After they have logged in, they will be presented with opportunity to post that webpage link on their Facebook profile Wall….

Facebook post to profile

Facebook post to profile

User will be able to add their comment and set the visibility of the post.   Facebook automatically extract out the title, excerpt, and possible thumbnails for the post.  But sometimes if Facebook doesn’t pick out an appropriate thumbnail for the post, the user can select a more appropriate one or none at all.

Clicking on the Share button will perform the post to the user’s Facebook Wall in their profile.  As in …

post shared on Facebook

post shared on Facebook

Of course, since it was the user that had made the post, they can remove the post by clicking the the X icon next to the post.  The X icon does not become visible unless the user hovers over that area.

The Facebook Share Button Code

Now we will learn how to write the code for that initial Facebook share icon that makes all that work.   Actually, it is Facebook that makes all that work.  We only write an anchor link to Facebook’s sharer.php file with the appropriate query parameters.

The code would look something like this …

Facebook Share Code

Facebook Share Code

You see an image tag to a Facebook icon.  This “img” tag is preceded by an anchor start tag (<a>) and followed by the anchor closing tag </a>.

The key ingredients are in the anchor start tag.  There you see the “href” attribute indicating the link destination to go to …

http://www.facebook.com/sharer.php

The link is immediately followed with a question mark (?) to indicated that query parameters will be passed to the link.  In this link, we are passing in two “query parameters”.  The first query parameter being the “u” paramter …

u=http://learnwebtutorials.com/subscribe-rss-feeds-firefox-internet-explorer-browser

After the equal sign of the u parameter is the web address of the page that we are sharing.  This (the stuff after the equal sign) is known as the value of the parameter.  So if you are sharing your particular webpage, you replace this web address with your page’s web address.

After the first parameter, we put an ampersand (&) before putting the second parameter.  The ampersand separates the first parameter from the second.

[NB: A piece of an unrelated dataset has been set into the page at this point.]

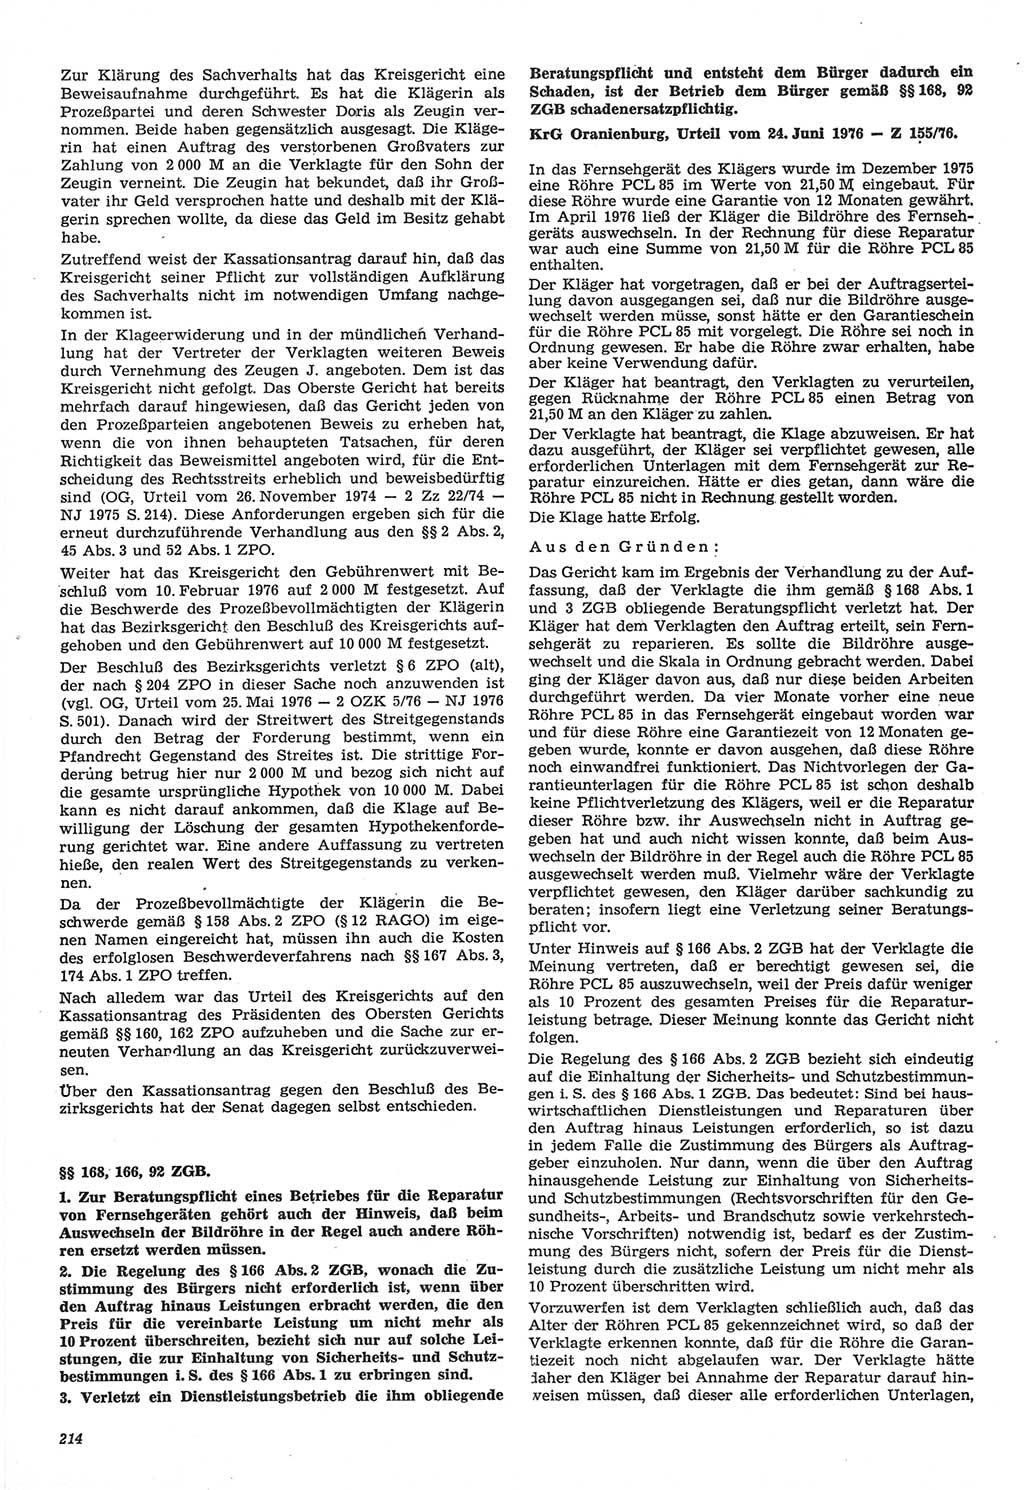 Neue Justiz (NJ), Zeitschrift für Recht und Rechtswissenschaft-Zeitschrift, sozialistisches Recht und Gesetzlichkeit, 31. Jahrgang 1977, Seite 214 (NJ DDR 1977, S. 214)
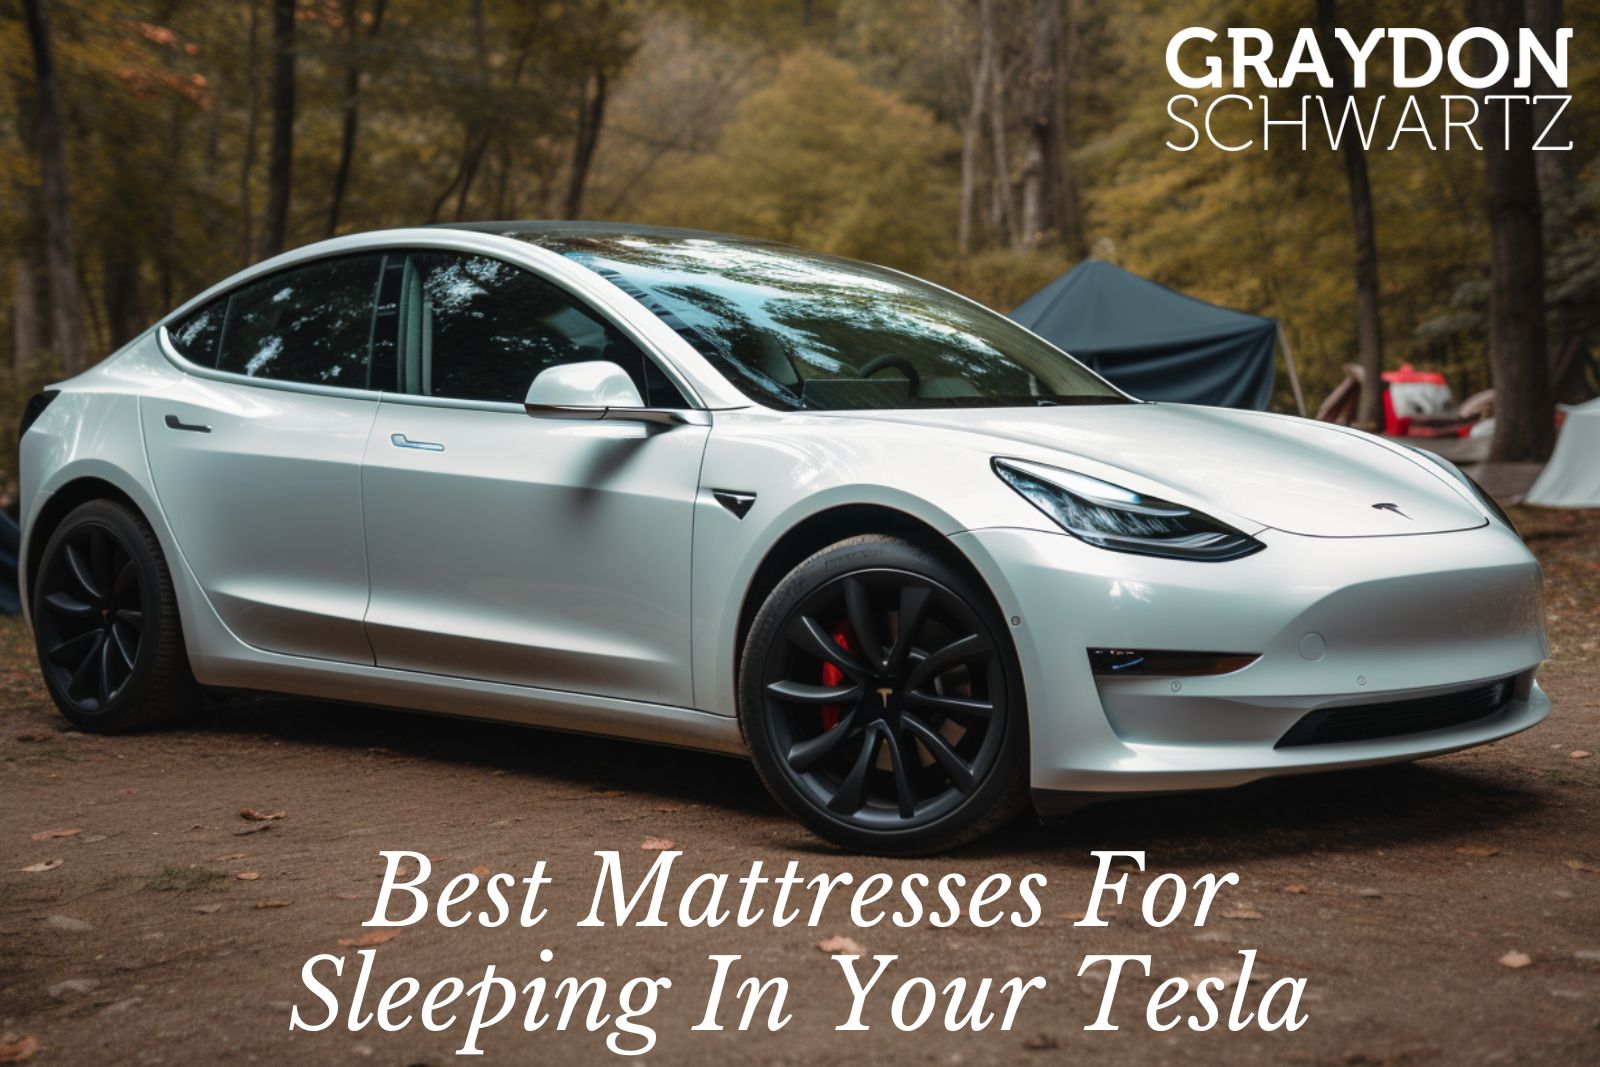 Dreamcase vs. TESMAT - Welche Matratze ist besser für Tesla Model 3 und Model Y?

Our second parameter is the “t” parameter …

t=How to Subscribe to RSS Feeds using Firefox and Internet Explorer Browsers

This parameter indicates the title of the webpage we want users to share.

You might notice another attribute in the anchor tag that looks like …

target=”_blank”

That just tell the link to open up in a new browser window.

If you like, you can also add the

rel=”nofollow”

attribute.

Adding Facebook Share Button on WordPress

The above is generic code where you hard-coded the web address and the webpage title in the anchor tag.  But if you have a WordPress site where you want to add the share button to every post such that each share button code has a dynamically generated web address and webpage title for the two parameters, then you would write something like …

Dynamic Facebook share code for WordPress

Dynamic Facebook share code for WordPress

We essentially replaced the value of the “u” parameter with …

<?php echo get_permalink(); ?>

And replaced the value of the “t” parameter with …

<?php the_title(); ?>

You put this code in your WordPress template files (such as single.php).

Remember that the value of a parameter is the stuff after the equal sign of the parameter.  The get_permalink() returns the web address of the WordPress post.  There is no “echo” in the latter because the_title() already does the echo for you when it outputs the title of the webpage.